Posted in Astrohype, The Universe and Stuff with tags , , , , , on October 26, 2016 by telescoper

There’s been quite a lot of reaction on the interwebs over the last few days much of it very misleading; here’s a sensible account) to a paper by Nielsen, Guffanti and Sarkar which has just been published online in Scientific Reports, an offshoot of Nature. I think the above link should take you an “open access” version of the paper but if it doesn’t you can find the arXiv version here. I haven’t cross-checked the two versions so the arXiv one may differ slightly.

Anyway, here is the abstract:

The ‘standard’ model of cosmology is founded on the basis that the expansion rate of the universe is accelerating at present — as was inferred originally from the Hubble diagram of Type Ia supernovae. There exists now a much bigger database of supernovae so we can perform rigorous statistical tests to check whether these ‘standardisable candles’ indeed indicate cosmic acceleration. Taking account of the empirical procedure by which corrections are made to their absolute magnitudes to allow for the varying shape of the light curve and extinction by dust, we find, rather surprisingly, that the data are still quite consistent with a constant rate of expansion.

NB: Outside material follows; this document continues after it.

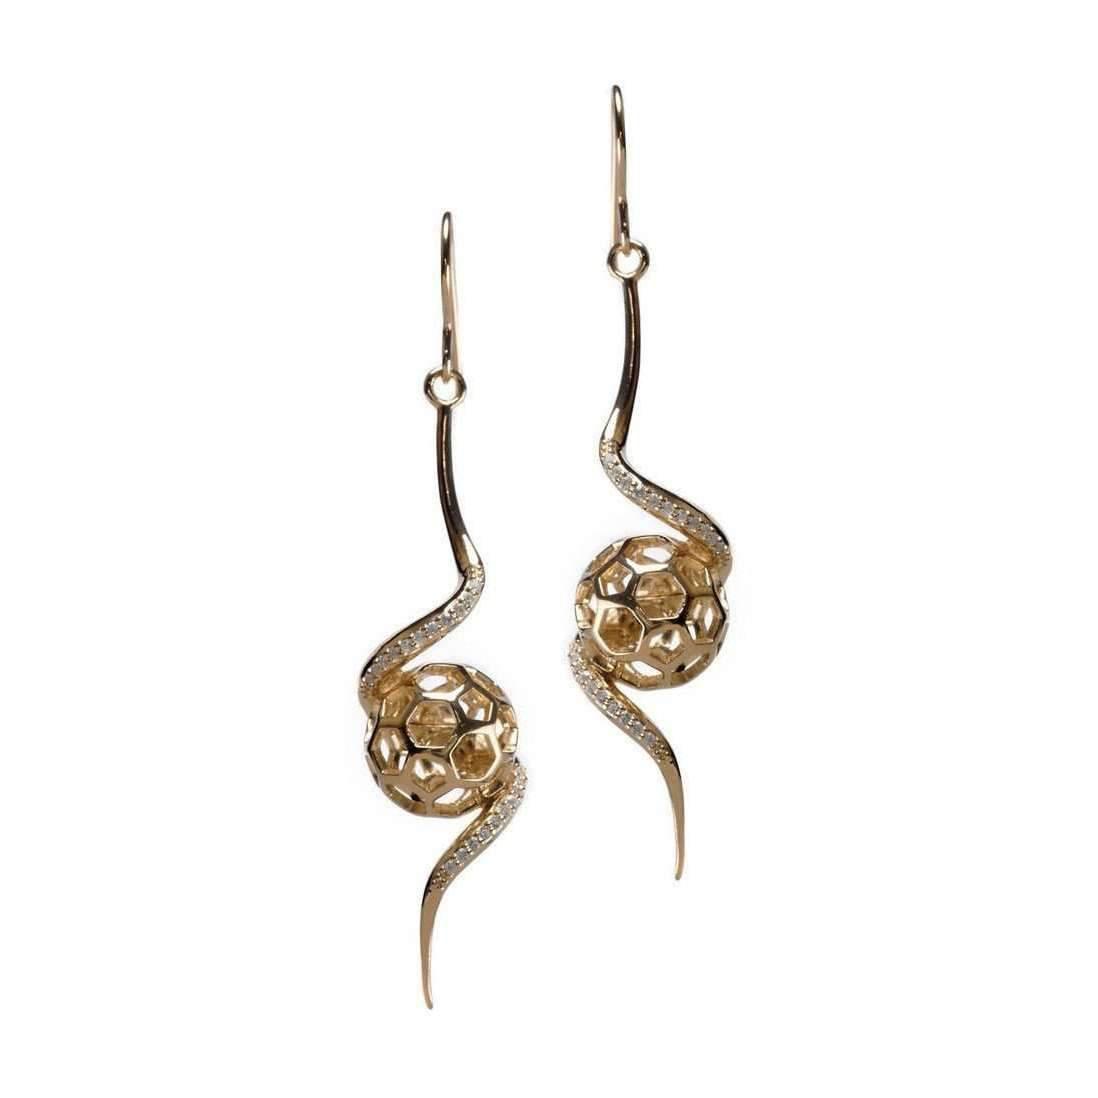 Gia Belloni Gold Polished Aeon Earrings tszVX9n

Obviously I haven’t been able to repeat the statistical analysis but I’ve skimmed over what they’ve done and as far as I can tell it looks a fairly sensible piece of work (although it is a frequentist analysis). Here is the telling plot (from the Nature version)  in terms of the dark energy (y-axis) and matter (x-axis) density parameters:


Models shown in this plane by a line have the correct balance between Ωm, and ΩΛ to cancel out the decelerating effect of the former against the accelerating effect of the latter (a special case is the origin on the plot, which is called the Milne model and represents an entirely empty universe). The contours show “1, 2 and 3σ” contours, regarding all other parameters as nuisance parameters. It is true that the line of no acceleration does go inside the 3σcontour so in that sense is not entirely inconsistent with the data. On the other hand, the “best fit” (which is at the point Ωm=0.341, ΩΛ=0.569) does represent an accelerating universe.

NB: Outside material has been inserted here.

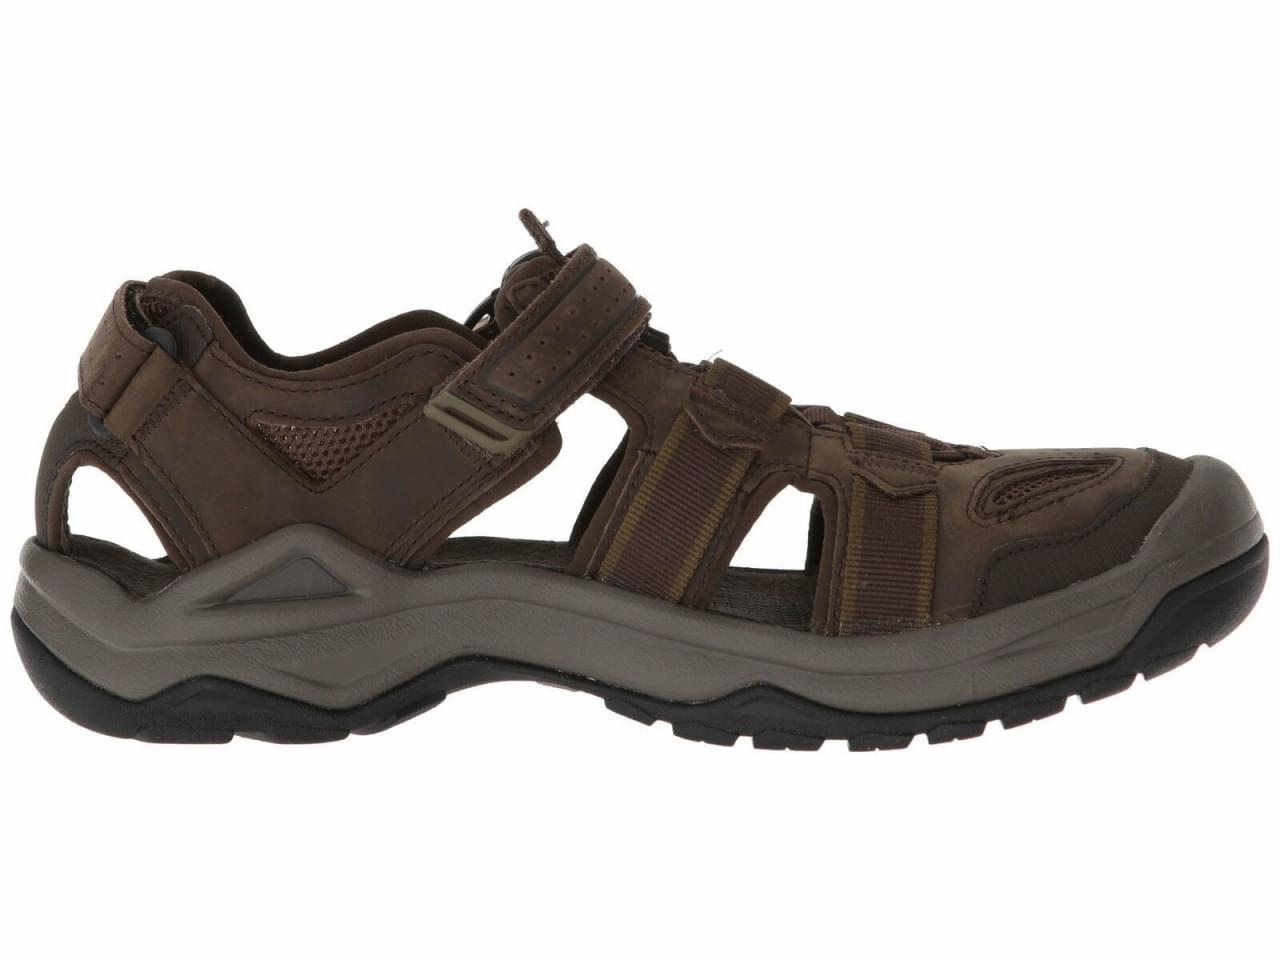 Teva Omnium 2 Leather Sandaal Heren

I am not all that surprised by this result, actually. I’ve always felt that taken on its own the evidence for cosmic acceleration from supernovae alone was not compelling. However, when it is combined with other measurements (particularly of the cosmic microwave background and large-scale structure) which are sensitive to other aspects of the cosmological space-time geometry, the agreement is extremely convincing and has established a standard “concordance” cosmology. The CMB, for example, is particularly sensitive to spatial curvature which, measurements tells us, must be close to zero. The Milne model, on the other hand, has a large (negative) spatial curvature entirely excluded by CMB observations. Curvature is regarded as a “nuisance parameter” in the above diagram.

I think this paper is a worthwhile exercise. Subir Sarkar (one of the authors) in particular has devoted a lot of energy to questioning the standard ΛCDM model which far too many others accept unquestioningly. That’s a noble thing to do, and it is an essential part of the scientific method, but this paper only looks at one part of an interlocking picture. The strongest evidence comes from the cosmic microwave background and despite this reanalysis I feel the supernovae measurements still provide a powerful corroboration of the standard cosmology.

Let me add, however, that the supernovae measurements do not directly measure cosmic acceleration. If one tries to account for them with a model based on Einstein’s general relativity and the assumption that the Universe is on large-scales is homogeneous and isotropic and with certain kinds of matter and energy then the observations do imply a universe that accelerates. Any or all of those assumptions may be violated (though some possibilities are quite heavily constrained). In short we could, at least in principle, simply be interpreting these measurements within the wrong framework, and statistics can’t help us with that!